Fazendo uma pesquisa para este texto, vi que muitas mulheres são vistas como fotógrafas amadoras lá pra 1800 e tanto – quando a fotografia já era tida como uma profissão. Mas e aí, quem decide quem é amadora ou não? A história da arte (e sim, a maior parte dos historiadores são: homens). Só o próprio acesso a ter uma câmera já era restrito às famílias ricas e burguesas. Imagina ser artista! Entre ter a câmera e fotografar seu cotidiano a ganhar dinheiro com isso tem um abismo e, além disso, um maior ainda até ser considerada uma artista. Essa questão de como o acesso e a permanência de mulheres na arte como um todo foram dificultados e impossibilitados é imensa, e também foi comentada no primeiro Leitura das Minas.
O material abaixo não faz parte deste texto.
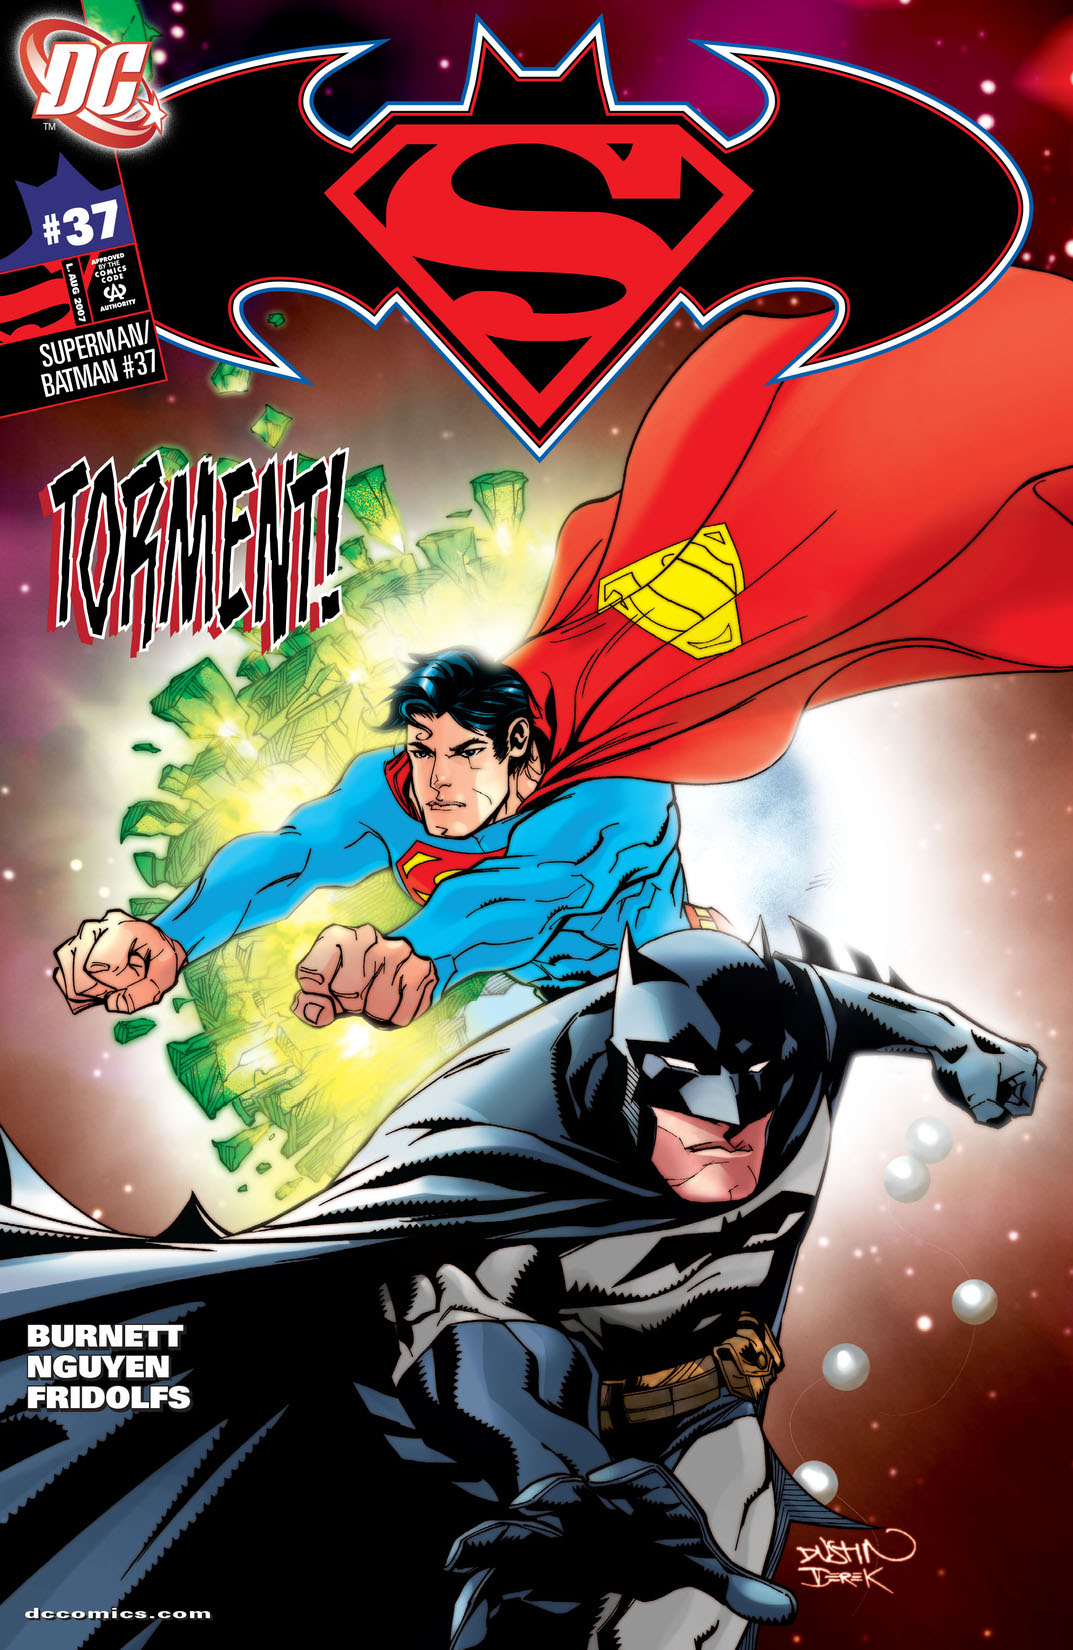 Superman/Batman #37 preview images

Mesmo no século XX, quando as escolas de belas artes são questionadas pelo seu formato quadrado e cheio de normas antigas (que eram totalmente excludentes) deixaram de ser tão valorizadas, e abriu-se espaço para a produção das mulheres artistas, o reconhecimento delas ainda era limitado, quando não ignorado totalmente. Por exemplo, de participantes de coletivos artísticos eram reduzidas a musas: como é o caso de Dora Maar, fotógrafa que ficou muito mais conhecida por ser amante do Pablo Picasso do que pelas suas obras (que são fantásticas), além de ser apagada pelos amigos homens surrealistas – que ficaram mais famosos. Então, fotografar e ser vista como uma artista são desafios duplos, que ainda aumentam quando se resolve também conquistar o espaço urbano.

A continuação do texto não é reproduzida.